EarlyStopping didn't interrupt the learning process because of a unstable validation loss. At about 35 epochs overfitting started but the model was still learning.
After the training the model was almost able to drive track 2 at a full 30mph. It was just cutting one corner a little too much. To fix this I recorded the corner again and fine-tuned the model by loading the pre-trained model and training it for another 2 epochs on just the data of the corner. After that the car was able to drive the second track flawlessly.
(YouTube Link)
To really explore what the NVIDIA model is capable of, I trained the model on ALL my recorded data from both tracks. I used the same setup to train as above. I used 17529 data points to generate 87645 images per epoch.

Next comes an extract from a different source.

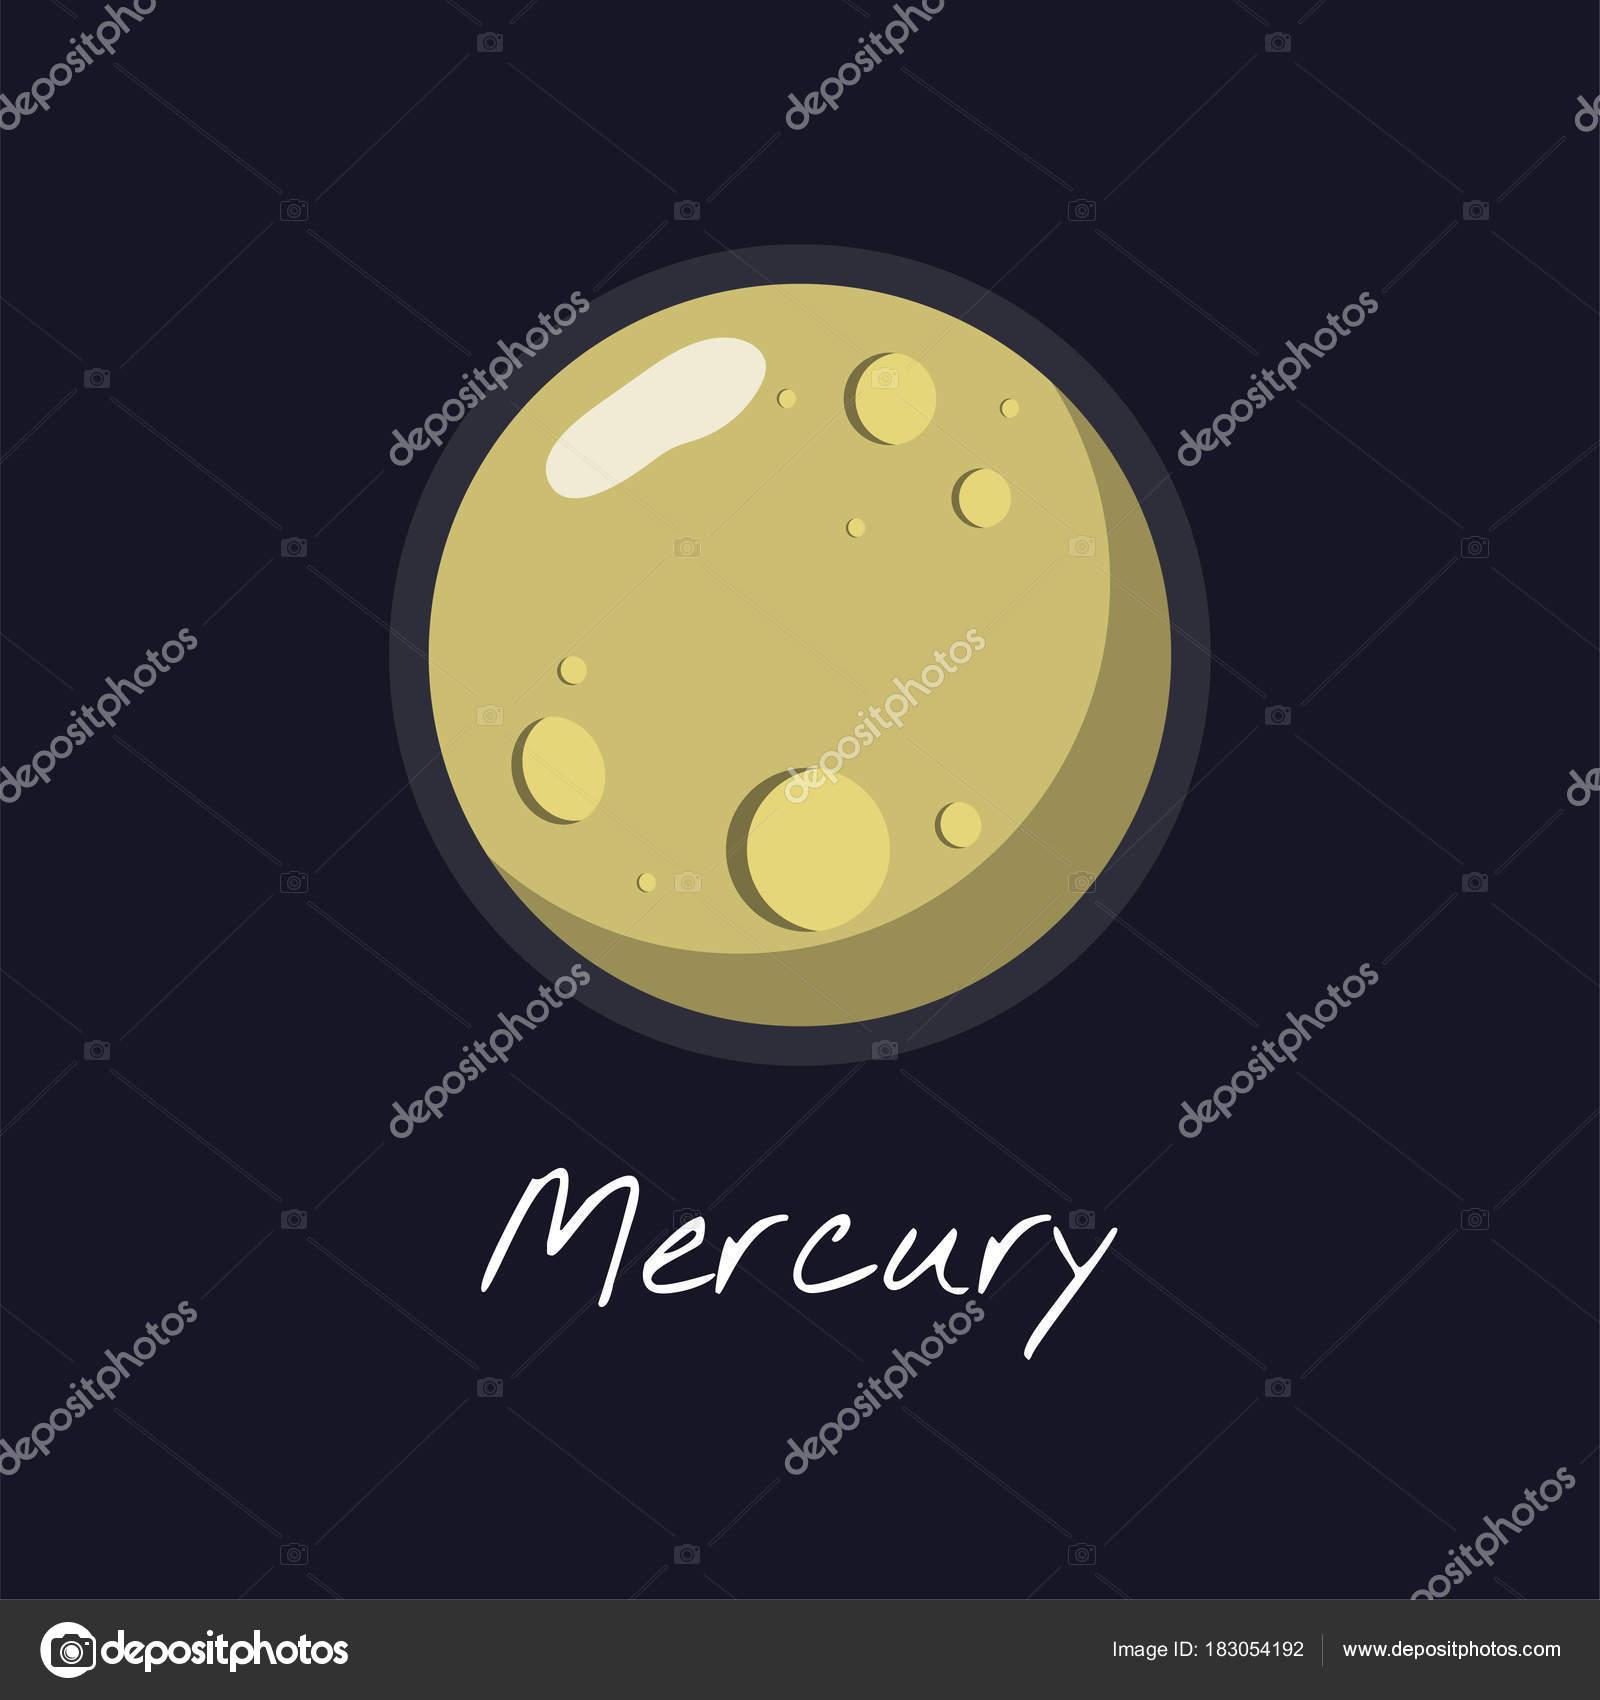 Colorida Ilustración Mercurio Para Educación — Fotos de Stock ...

In the end the model was able to learn both tracks. Interestingly the performance on track 2 was better than on track 1.
(YouTube Link)
- I was not able to generalize the learning enough for the car to drive on track 2 after only being trained on track 1. This suggest that the model is not generalizing very well. A more sophisticated augmentation may be able to drive the car on the second track even after never seeing it in training. But it may not be possible at all.
- Note that I was able to drive the vehicle on the first track after only training it on data from the second track, but with poor performance.

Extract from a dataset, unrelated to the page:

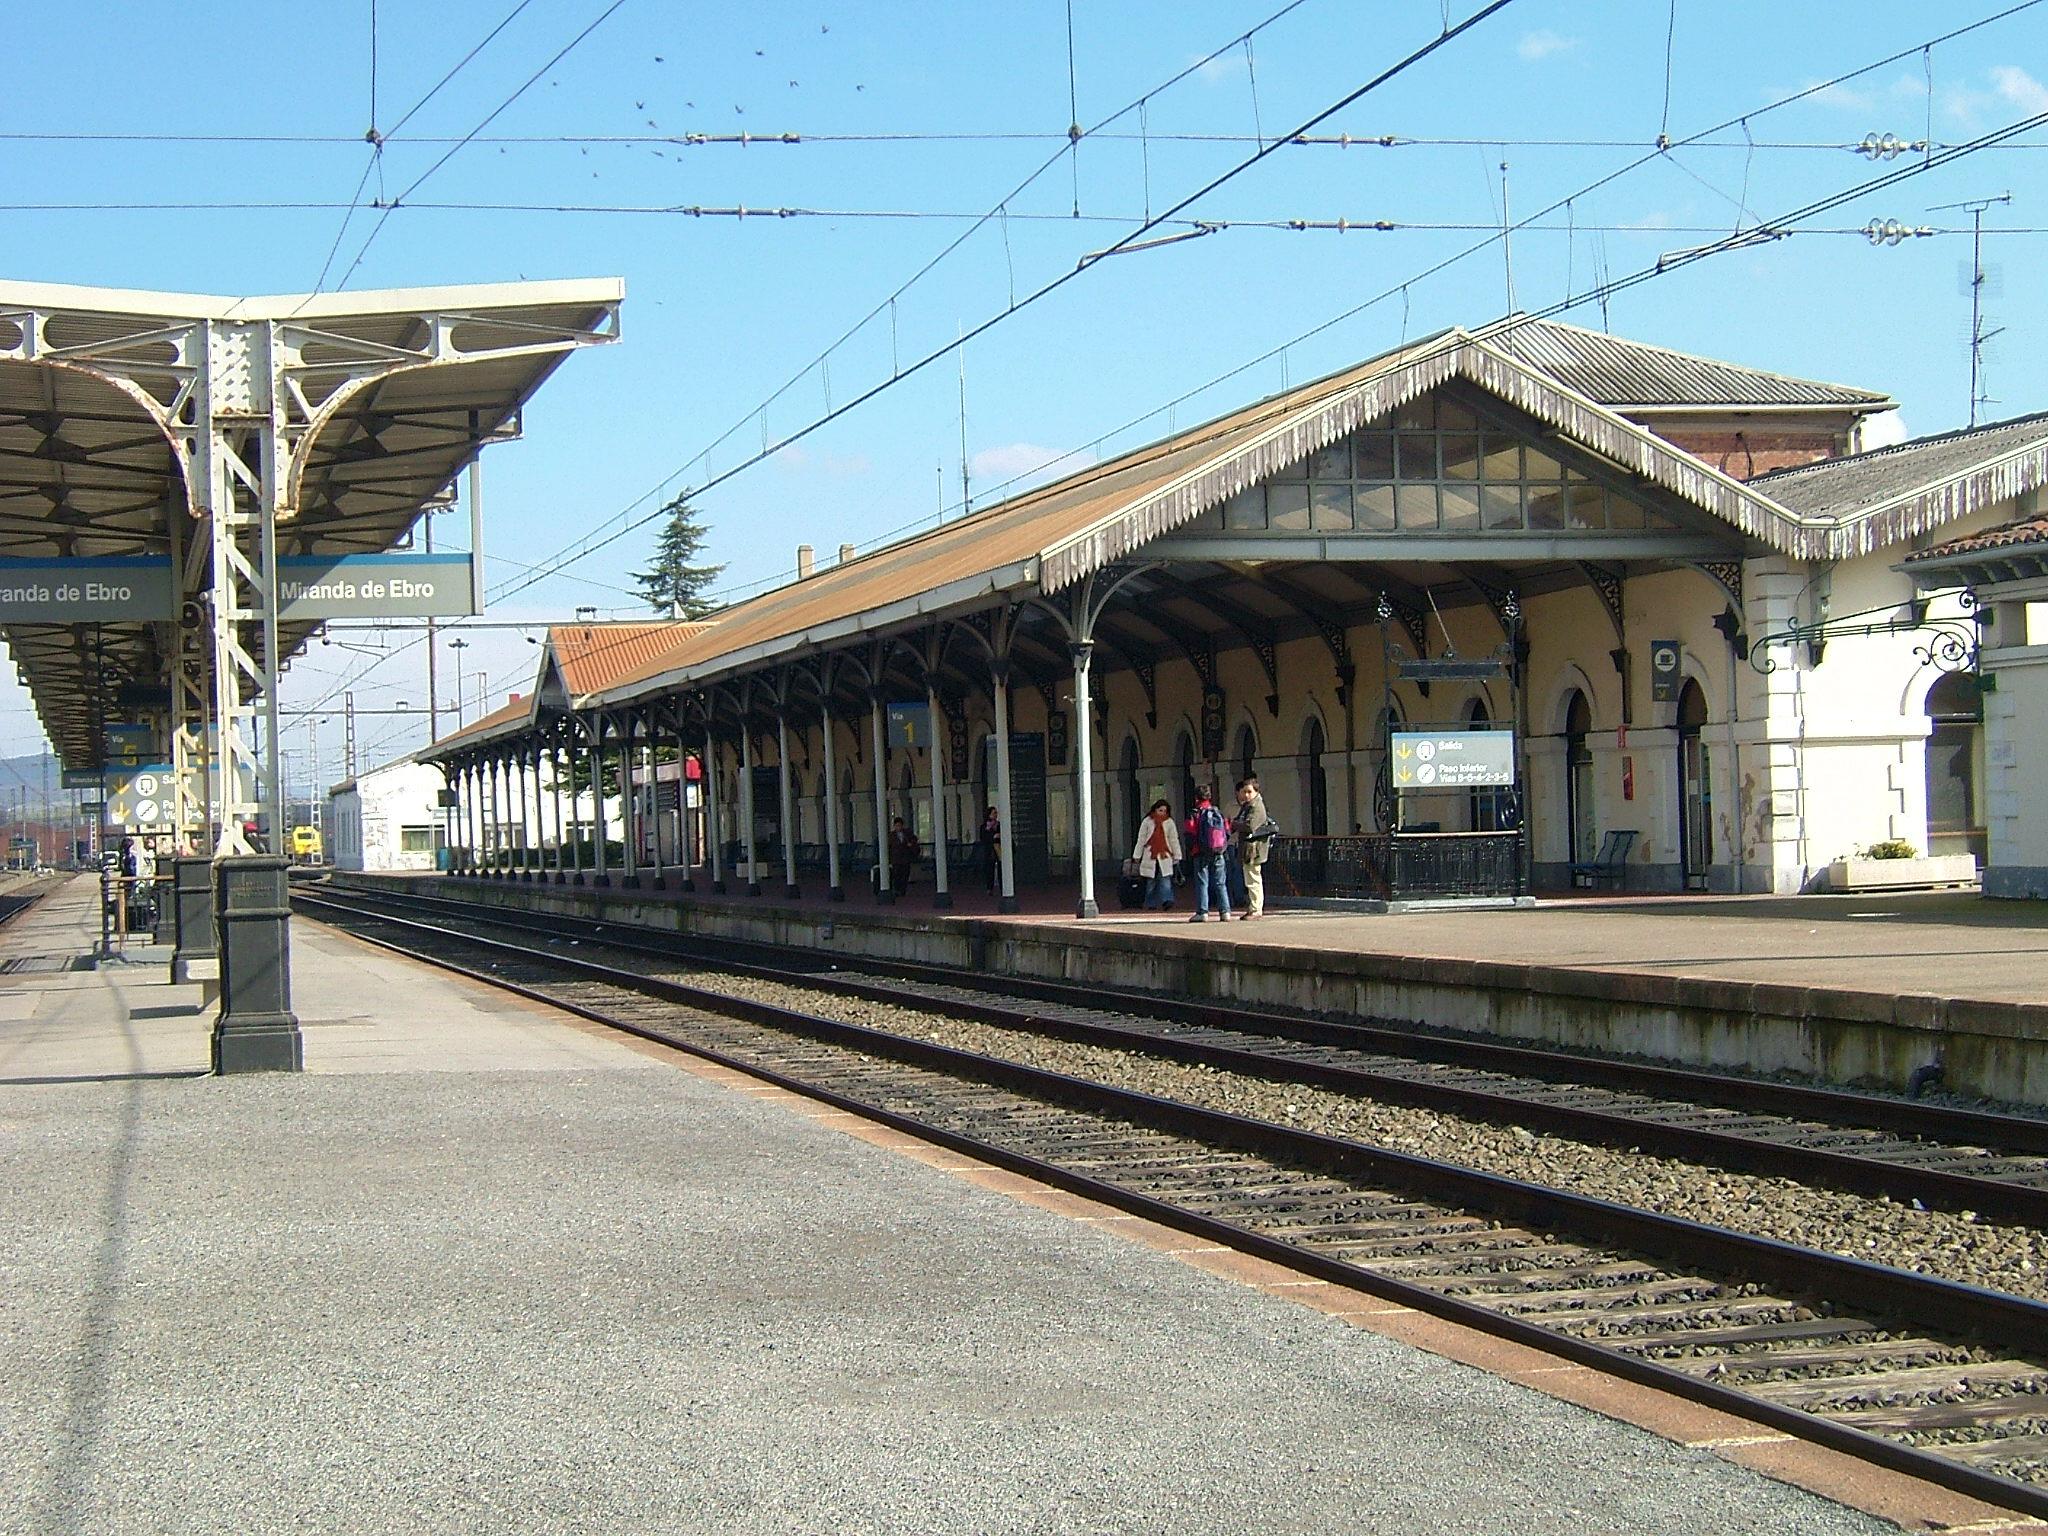 estacion de trenes de burgos:

- Some tests with a smaller model on the first track would be interesting. It should be possible to drive track 1 with a way smaller model.
- Test with small datasets would be interesting to see if the model is able to learn track 1 from just one or even half a lap. This should be possible!
This was a fun project! It was very interesting to see what a deep neural network is capable of. I never programmed rules what a street looks like and that the car should stay on it. Nonetheless the model was able to learn the very complex track 2 and learned to drive the "racing line" around track 2 faster than I could. All was needed was data from 4 laps.
The project really showed the benefits of transfer learning, as I was able to fine-tune the model to go around one specific corner.
I learned how to use generators to be able to train on very large datasets.